- **PROBLEM DETAILS**
Everything from the line with "Saxophone for 1280 x 1024 resolution" through the final line of the listing below must be retyped exactly, apart from the pictures.

- **SOURCE MATERIAL**
+++
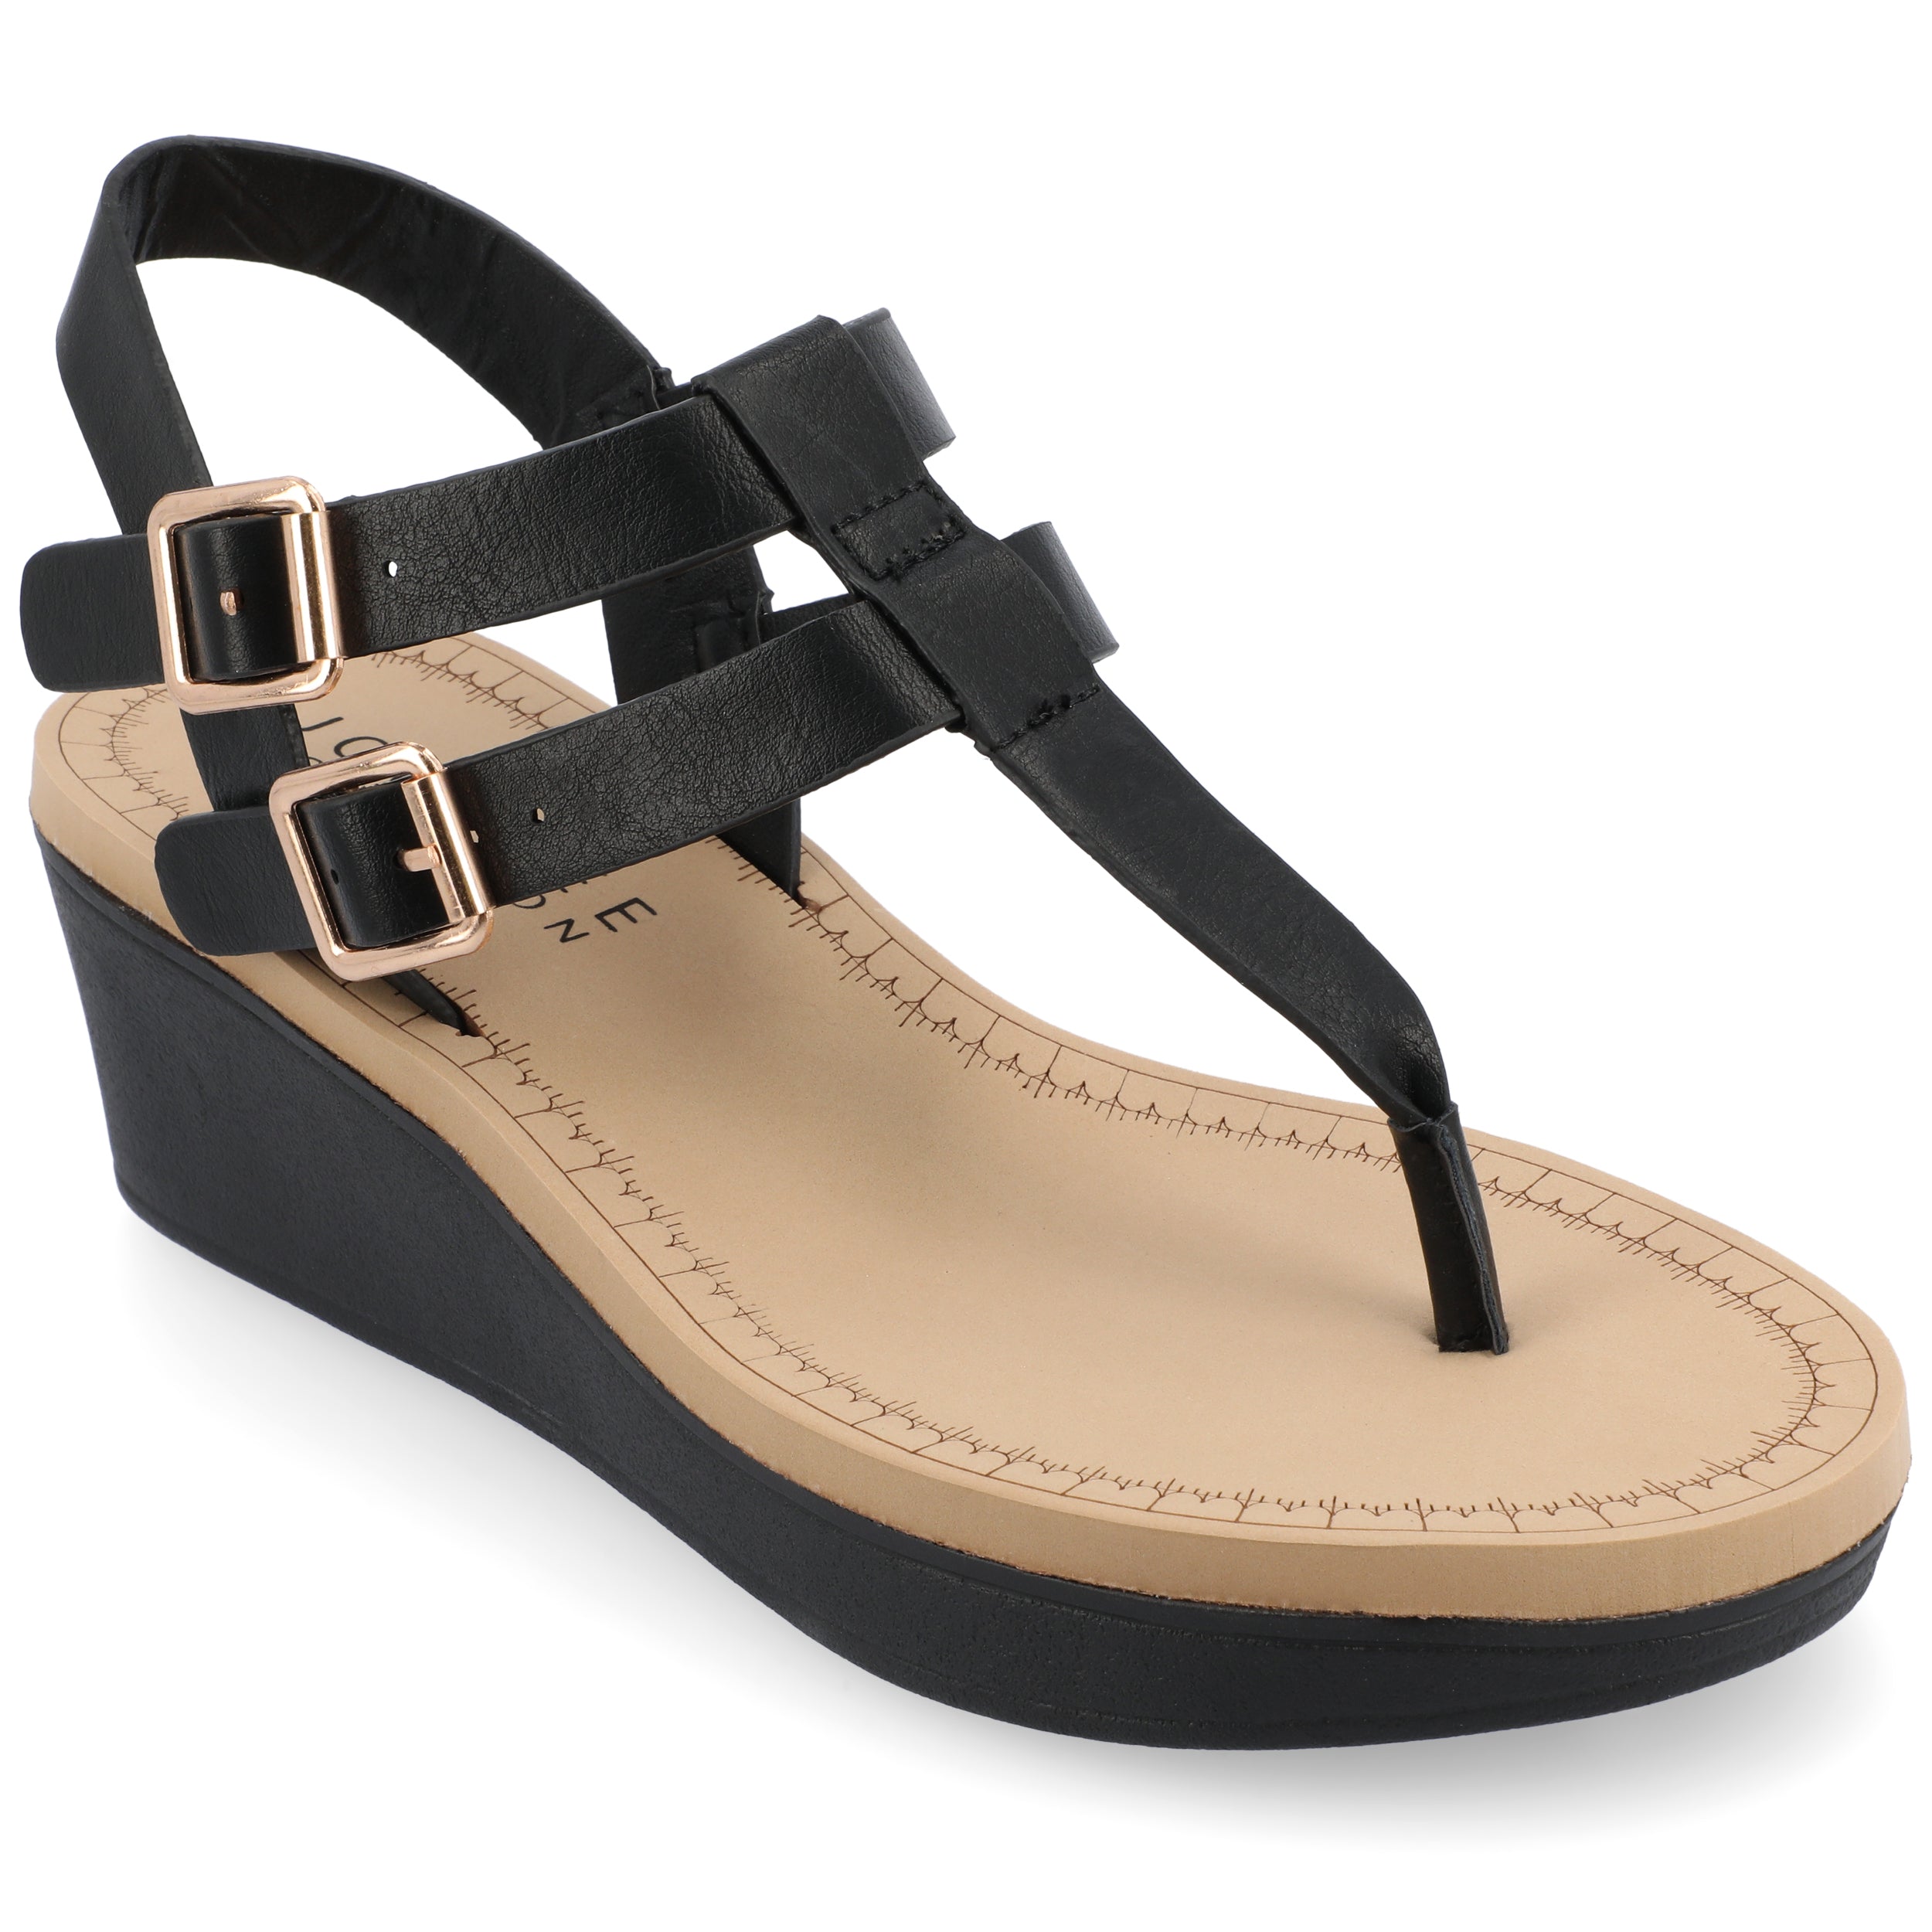 Wedge Sandal Designs - 25 Latest Collection for Trending Look
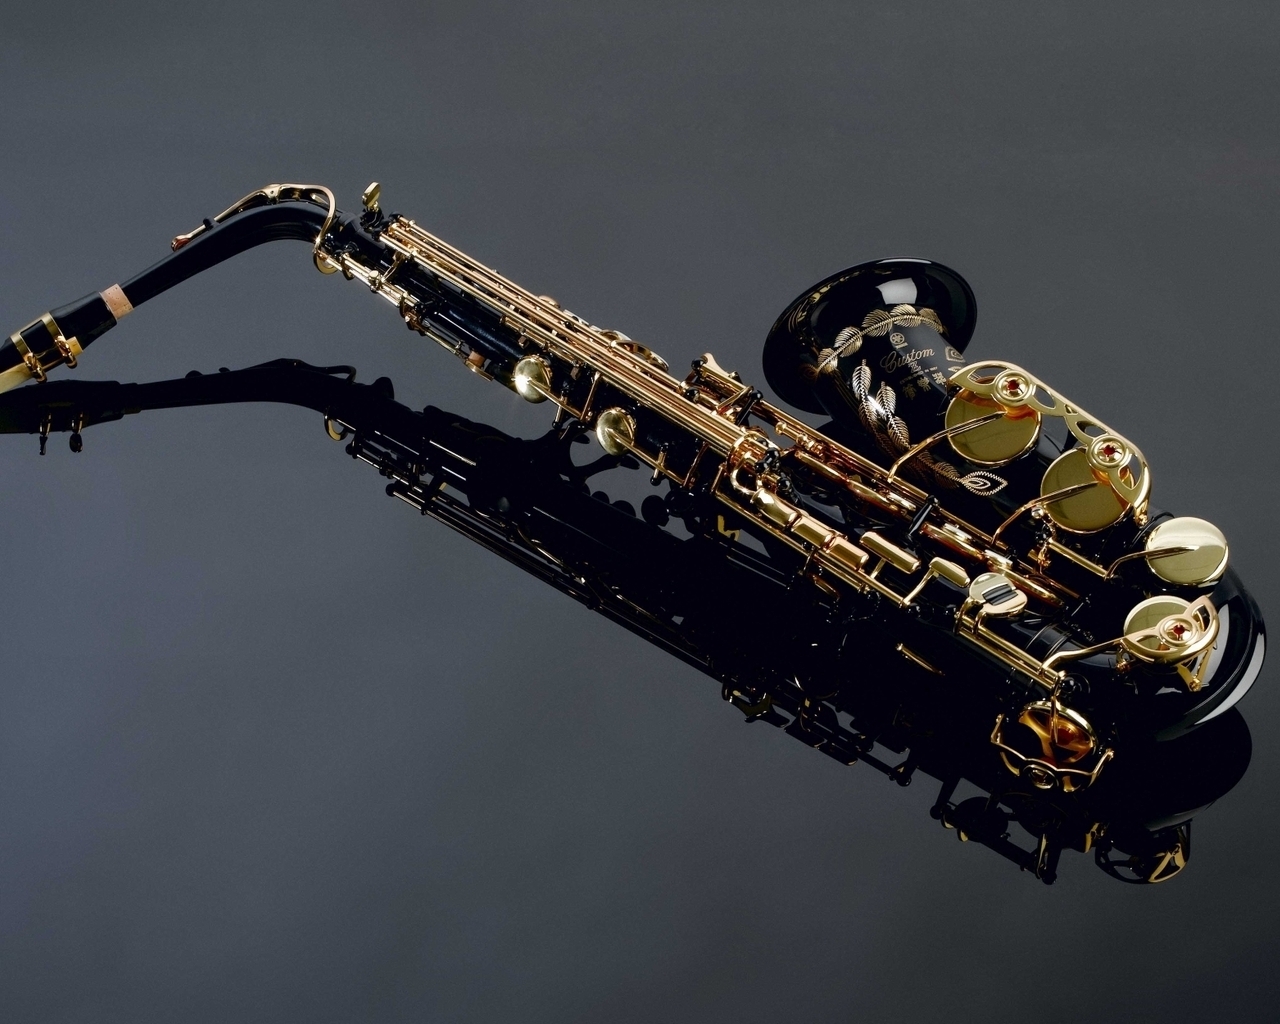 Saxophone for 1280 x 1024 resolution
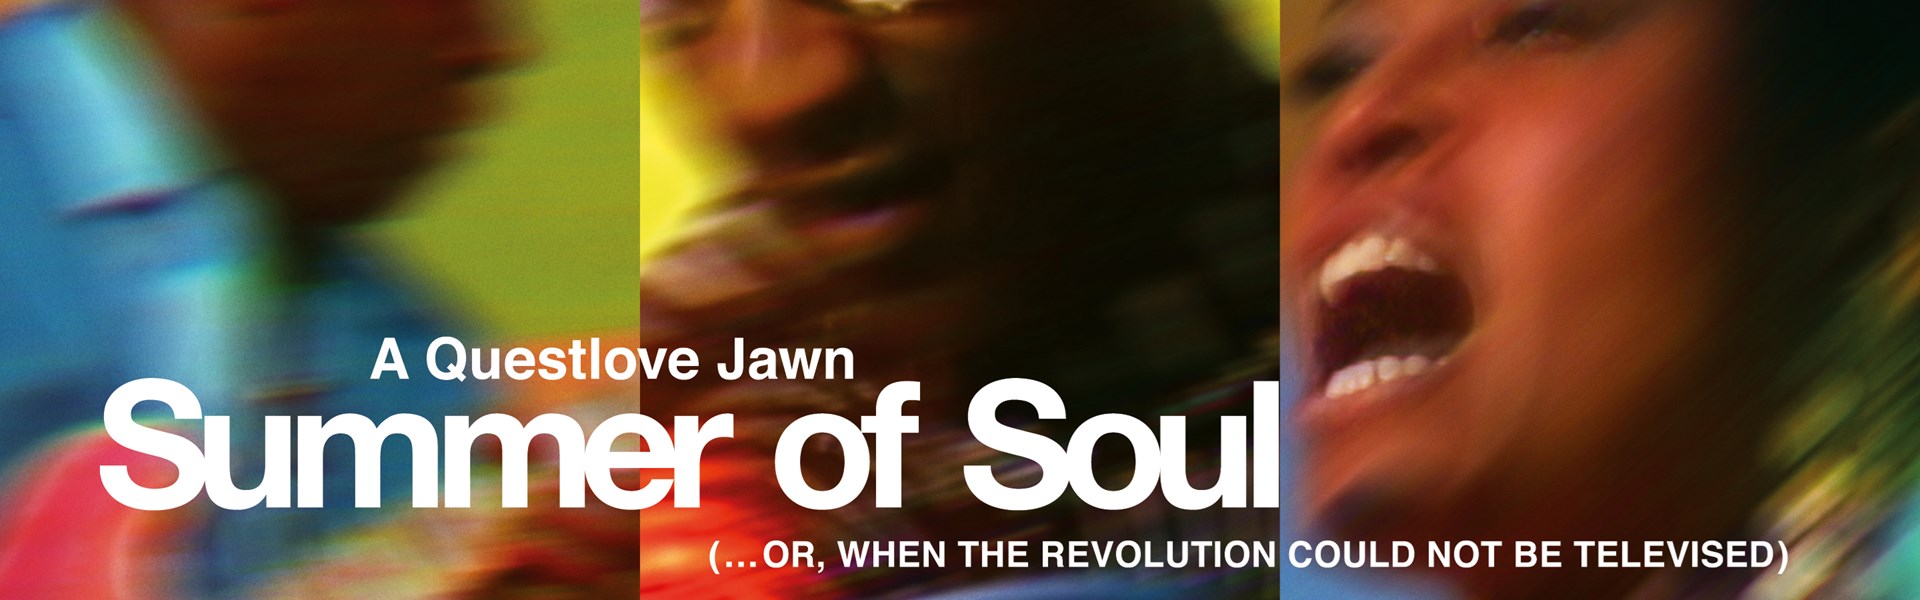 FILM: Summer of Soul (...Or, When the Revolution Could Not Be Televised) (12A)
+++
- **ANSWER SPACE**
 Saxophone for 1280 x 1024 resolution
 FILM: Summer of Soul (...Or, When the Revolution Could Not Be Televised) (12A)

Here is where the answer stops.